Training a disaster recovery backup vertical model under a question-answer type guiding scene, and particularly collecting detailed scene data of a user according to different disaster recovery backup scenes. In the "backup policy" scenario, the backup policy guiding file content of the power industry needs to be input to the disaster recovery backup vertical model in advance, which includes the data such as the backup policy, backup frequency, backup mode, etc. of the service data and operation and maintenance data of the core, important and common level system. Meanwhile, the disaster recovery backup vertical model needs to ask questions to the user and collect corresponding key information aiming at the information: system level, whether the backup data belongs to business data or operation and maintenance data, etc., if the user does not know the system level, the user can be guided to output the system's underwriting rating (deduce the system level according to the underwriting rating). And similarly, aiming at different scenes, guiding the disaster recovery backup vertical model to acquire relatively complete preconditions from a user side, and returning a problem result to the user.
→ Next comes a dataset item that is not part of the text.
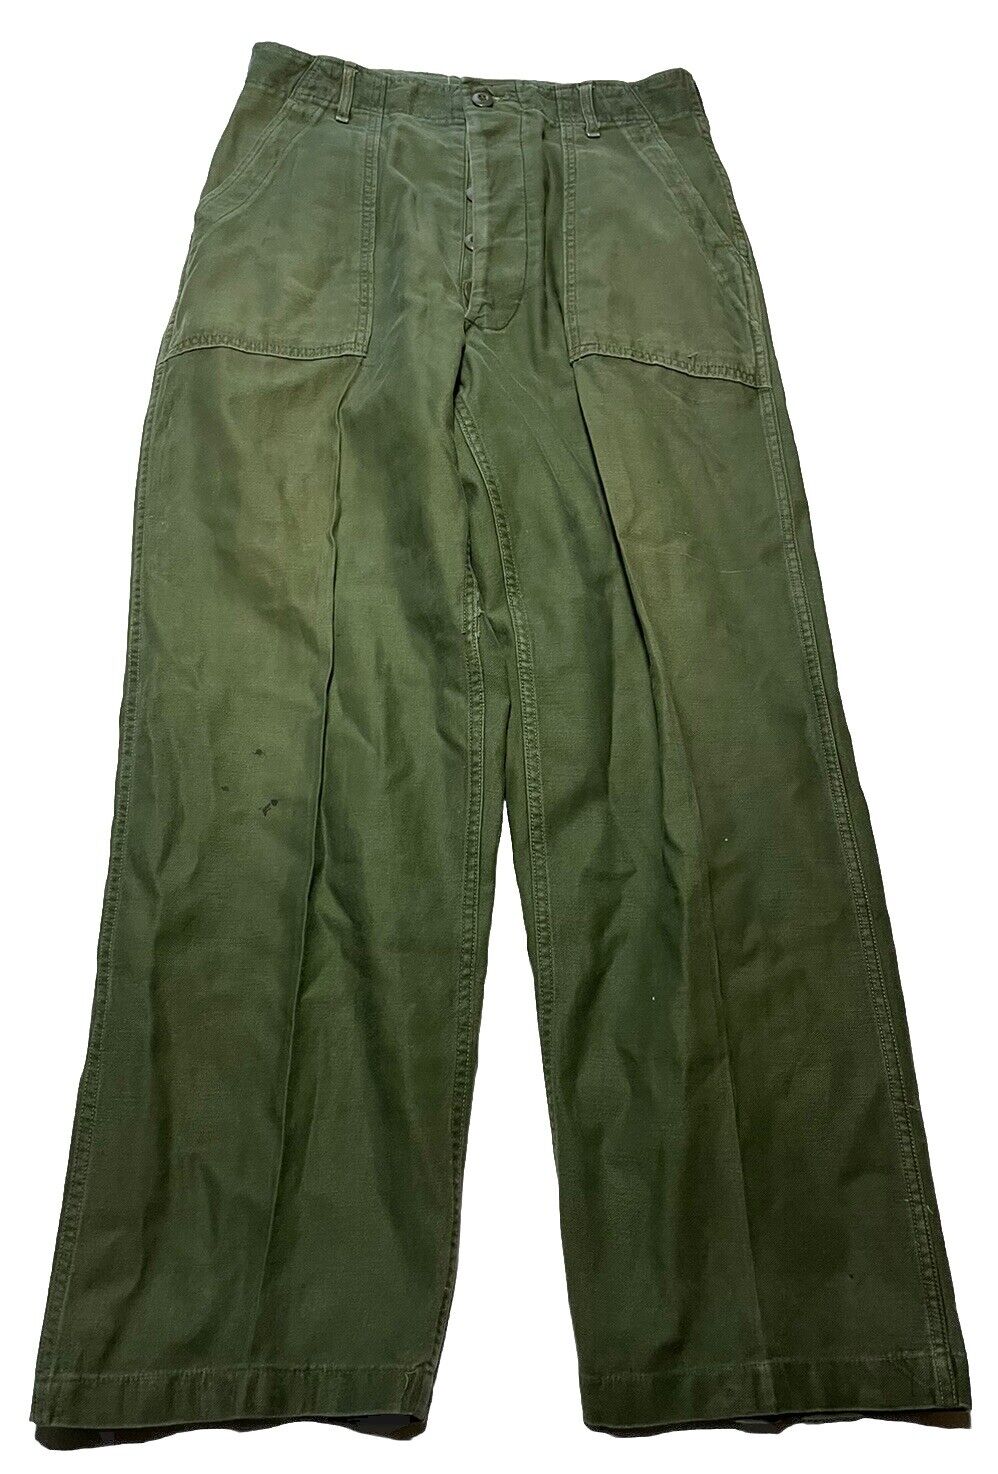 Vintage OG-107 Type 1 Vietnam US Military Pants 32x31 AO5

Training the disaster recovery backup vertical model in the consistency check scene, and guiding the large language model to deeply analyze and understand the content of the data file or the configuration file. If the configuration of the Redis cluster in the configuration file content in the micro-service application backup package, besides the disaster recovery backup vertical model itself can identify the relevant configuration (by spring: redis key words) corresponding to the Redis in the configuration file, the disaster recovery backup vertical model needs to be redirected to analyze whether the current Redis is the cluster configuration, the number of redisnode nodes, and other information according to the sensor key word information; configuration files in different micro services under the same application system should be consistent for the configuration of Redis middleware, and when inconsistency occurs, configuration file backup is likely to be caused by errors. And guiding the disaster recovery backup vertical model to carry out consistency verification on disaster recovery backup files of the same application system, and carrying out verification prompt by taking inconsistent information as risk information.

Aiming at disaster recovery strategy verification, the disaster recovery backup vertical model is further guided to judge information such as timeliness of backup data according to the type or the level of a disaster recovery backup system, for example, service data in a core-level service system in the power industry is definitely required to be backed up once in 12 hours, the time interval between the latest data storage time and backup triggering time in the service data can be judged in the analysis process of the backup data by utilizing a large language model, and if valid service data in 12 hours is not recognized, a risk prompt 'backup data does not meet the backup strategy requirement' is automatically carried out.

After the disaster recovery backup vertical model is trained, selecting a proper evaluation index such as confusion (BLEU score) or field-specific evaluation index (used for task generation evaluation), and evaluating the performance of the disaster recovery backup vertical model. Meanwhile, super parameters of the disaster recovery backup vertical model, such as learning rate, batch size and the like, are continuously adjusted, and the optimal parameter combination is found through a cross verification method and the like, so that the performance of the disaster recovery backup vertical model is improved.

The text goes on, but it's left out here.